Monday, December 20, 2010

Spicy Beans and Tomatoes on Polenta

I love reading about Liz's pantry challenges over at the awesomely named blog Food Snobbery is my Hobbery when she does them. I know the feeling she gets when she's able to accomplish amazing meals without grocery shopping. There are few things that I'm more proud of than making a seriously delicious dinner out of stuff I find in my cupboard or freezer.

Tonight I experimented with a little container of Quaker corn meal which has been in my cupboard for awhile. I don't know if corn meal is exactly the same as polenta, but they're similar enough. I just boiled up some water, whisked in the corn meal, added butter and salt and it came out rich and creamy.


I also found a jar of roasted tomatoes and shallots in my freezer. I froze several pints of roasted cherry tomatoes in the fall and they came in handy tonight along with another frozen find: home cooked cannellini beans.


I was inspired by this post, but really all I did was defrost my tomatoes and beans (you can just open cans!), add a hefty pinch of crushed red pepper, ladle it on top of the polenta, and top it all with coarsely grated parmesan cheese.

Healthy, filling, comforting. It's also vegetarian AND gluten-free! Vegan, too, if you nix the cheese and butter. Exactly what you need the week before Christmas as you prepare your body for sweets, snacks, and cocktails!


Spicy Beans and Tomatoes on Polenta
2 cups water
1/2 cup corn meal or polenta
1 Tbsp butter
salt and pepper to taste
tomato sauce (either home made or store bought - or even just some canned tomatoes added to sauteed onions)
1 can of beans, any kind, drained (or 1 pint home cooked)
1 tsp crushed red pepper flakes (or to taste)
grated cheese - any kind (I used parmesan)
fresh herbs - optional (I didn't have any but parsley, basil, or chives would be great)

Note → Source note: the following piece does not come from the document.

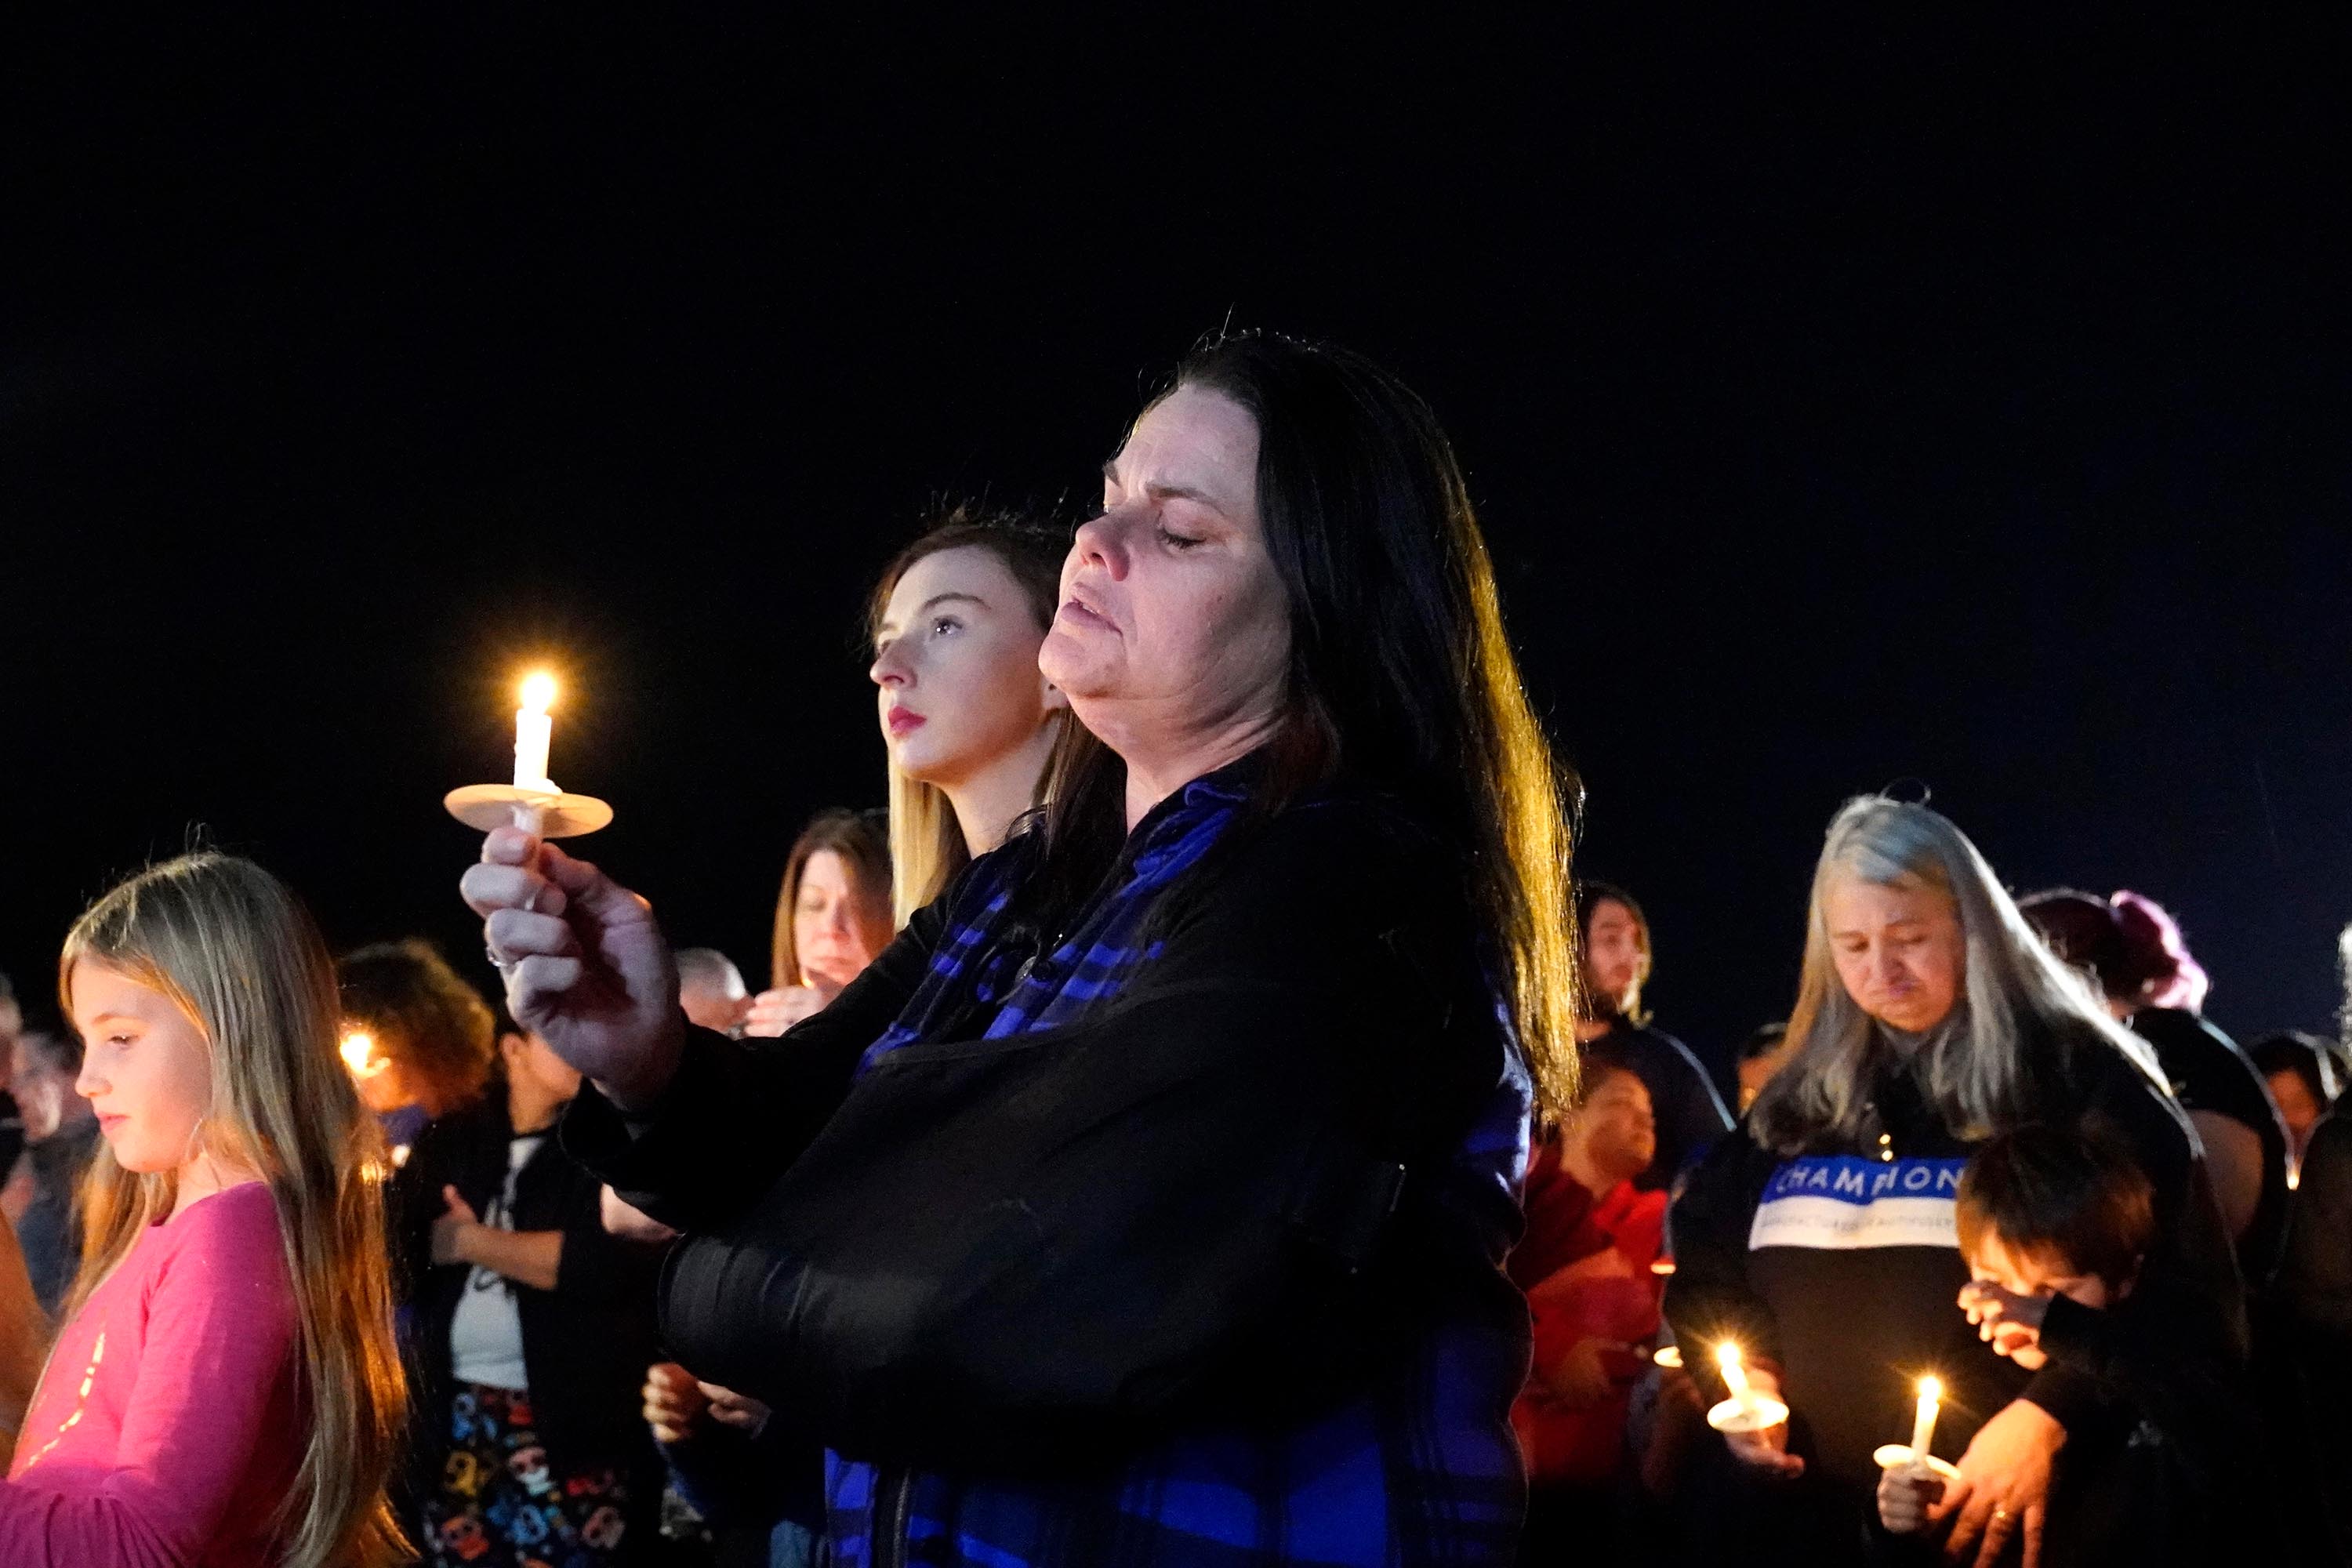 People participate in a candlelight vigil in the aftermath of tornadoes that tore through the region several days earlier, in Mayfield, Kentucky, late Tuesday, December 14.

You should follow the directions on the back of your corn meal or polenta package. But all I did was boil 2 cups of water in a small pot, whisk in 1/2 cup corn meal, add butter and salt and stir.

Heat your tomato sauce in another small pot (or add a can of diced or crushed tomatoes to some sauteed onions in a skillet). Add drained beans. Season to taste, as spicy as you can handle (maybe just start with a pinch and add from there).

Serve on top of polenta, add grated cheese, and any fresh chopped herbs you have in the house.